SUBANG, TRIBUNCAKRANEWS.COM – Perseteruan hukum antara Kepala Dinas Pendidikan dan Kebudayaan, Heri Sopandi, yang melaporkan dugaan pencemaran nama baik, dan Dr. Maxi sebagai whistleblower dugaan setoran gratifikasi, dinilai telah merugikan citra daerah dan mengganggu stabilitas birokrasi.
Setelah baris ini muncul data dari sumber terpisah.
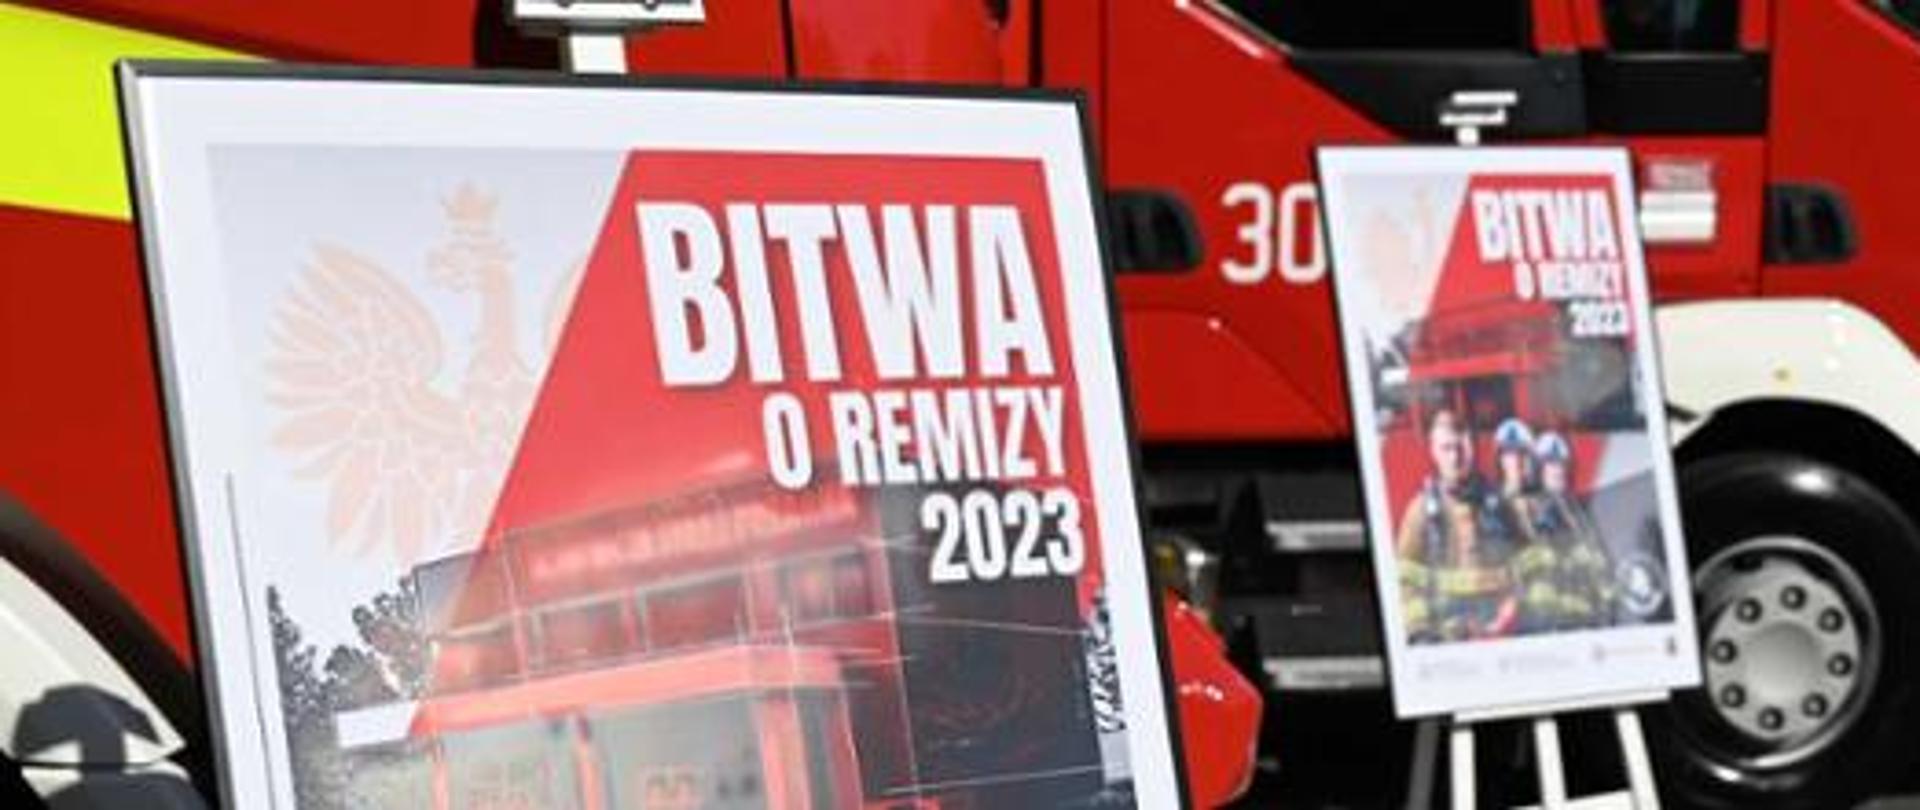 Dwa plakaty promocyjne akcji Bitwa o Remizy 2023 na tle dwóch pojazdów pożarniczych

Menyikapi polemik yang kini menjadi sorotan nasional, Anggung Jatmiko, Sekretaris Jenderal Forum Pemerhati Kebijakan Publik (FPKP) Kabupaten Subang, menegaskan bahwa konflik yang kini menjadi bola liar di Aparat Penegak Hukum (APH) ini adalah cerminan kegagalan komunikasi dan kesalahpahaman pejabat dalam menyikapi kritik. FPKP, yang dipimpin oleh Aif Saefulrohman, mendesak agar masalah ini segera diselesaikan melalui jalur islah.
Solusi Sederhana: Duduk Bareng, Bukan Saling Menyerang Emosi
Anggung Jatmiko menyayangkan masalah yang ia anggap "sederhana" ini kini berlarut-larut hingga melibatkan APH dan menjadi perbincangan berita nasional. Ia menilai, inti dari konflik, yang menyangkut kebijakan rotasi mutasi, pemerasan, dan gratifikasi, bisa diakhiri dengan mediasi.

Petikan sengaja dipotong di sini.